The EFL has said it is “eagerly” anticipating the introduction of an independent regulator for English football after it lamented the “repeated failure” of the Premier League to strike a deal on financial redistribution.

This week the Premier League was unable to carry its clubs to support a measure that proposed sharing more than £900m across the football pyramid. On Thursday the EFL board met to discuss its response, and concluded it was “more important than ever” that the proposed regulator had the power to force through a deal.

In a statement the EFL said it was “clearly disappointed at [Premier League clubs’] repeated failure to put forward any new funding offer for EFL clubs” and the lack of positive progress “once again demonstrates how difficult an issue this is for football to address, without independent input. The EFL has repeatedly said that financial redistribution coupled with enhanced cost controls are needed to help achieve its overriding objective of making EFL clubs financially sustainable and competitive, so that they can continue to serve their supporters and communities long into the future, no matter what level of the pyramid they play in.”

The EFL leadership has consistently said it wants a football-led solution to what it argues is a structural imbalance. But after two years without a resolution, it has become more willing to speak up in favour of a regulator taking on the challenge. The key to this, in the eyes of the EFL, is the backstop powers granted to the regulator in the event of no deal being agreed.

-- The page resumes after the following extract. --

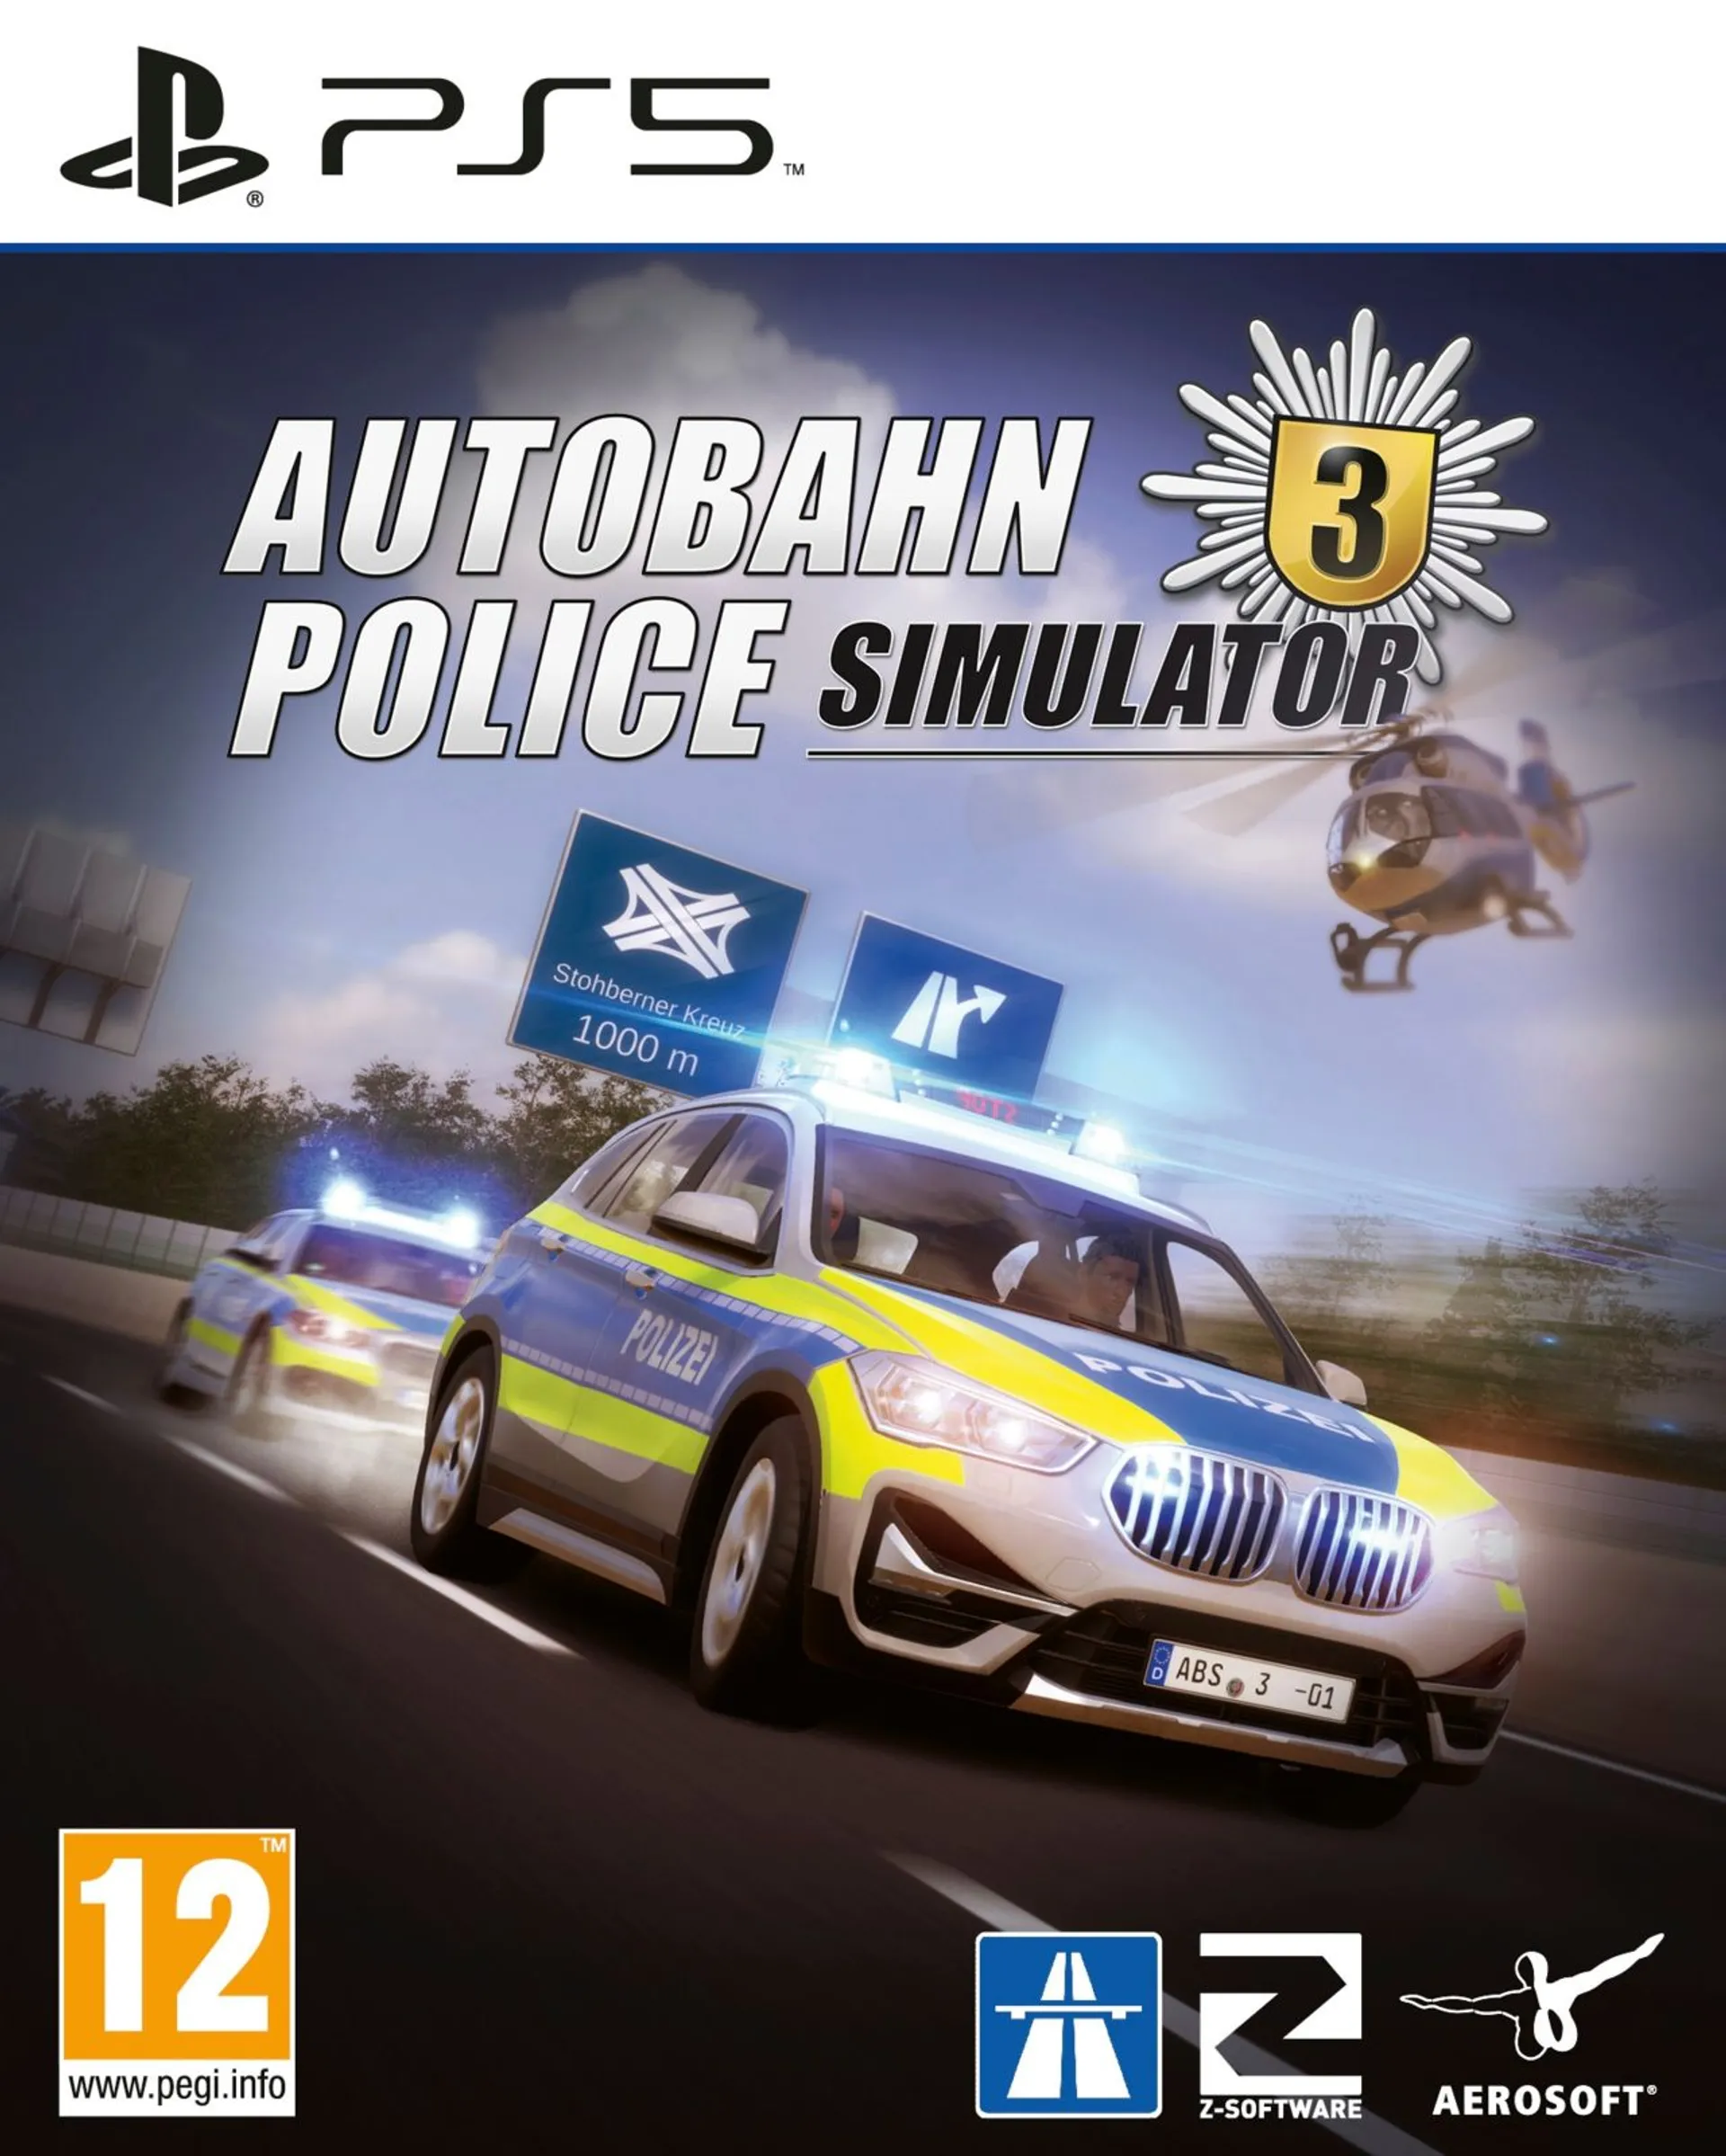 PS5 Autobahn police simulator 3 - 1

“The league eagerly anticipates the introduction of the football governance bill given it is now more important than ever that the independent regulator is provided necessary powers to secure the long-term sustainability of the pyramid,” the statement said.

After the Premier League’s decision to step back from a deal, reports have suggested that the government plans to expedite the rollout of the bill. On Thursday, however, there was still no agreed date for the first reading in the House of Commons and the shadow leader of the House, Lucy Powell, said Labour would make the introduction of a regulator “an election issue” in places with struggling clubs if the government did not act.

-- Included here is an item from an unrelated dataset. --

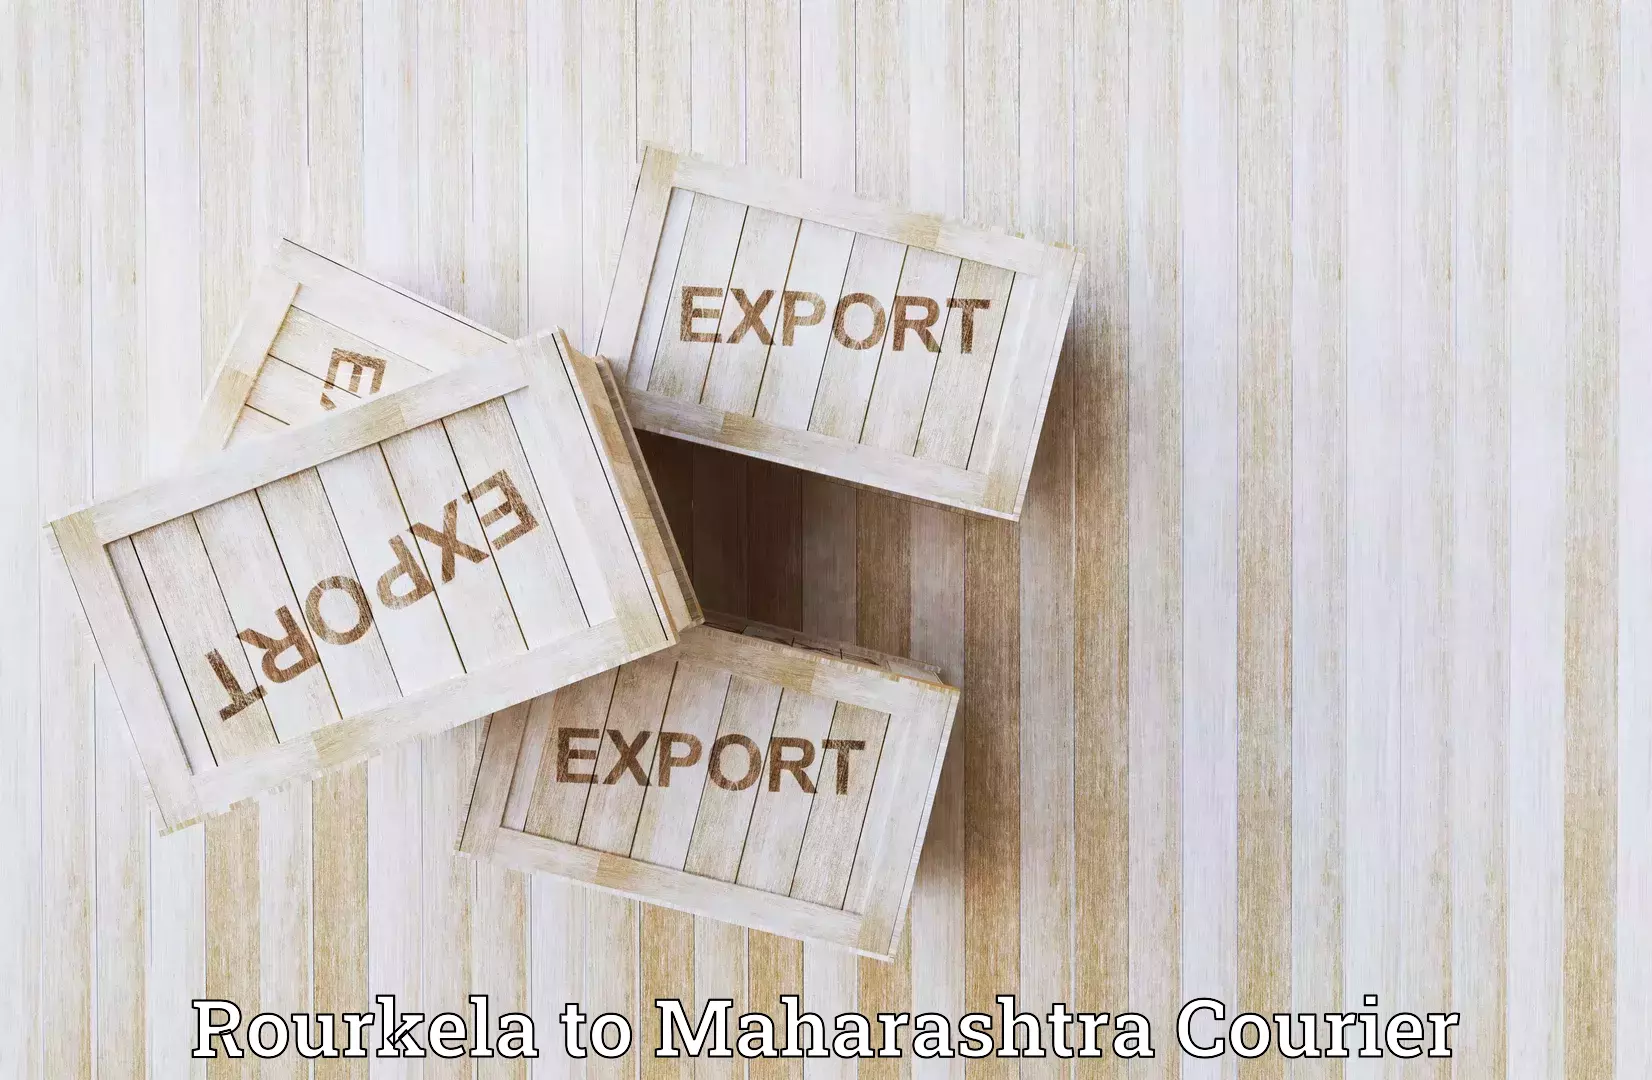 Courier service innovation Rourkela to Bhadravati Chandrapur

“If the Conservatives want to make this an election issue in those places, I say bring it on,” Powell said. “Let us be really clear: if they do not want to regulate football governance, then we will.”

In reply, the Leader of the House, Penny Mordaunt, said: “When we bring legislation to the House, it will need to have the confidence of the English Football League, and, having attended many events with the EFL myself, I know that that is clear and understood.”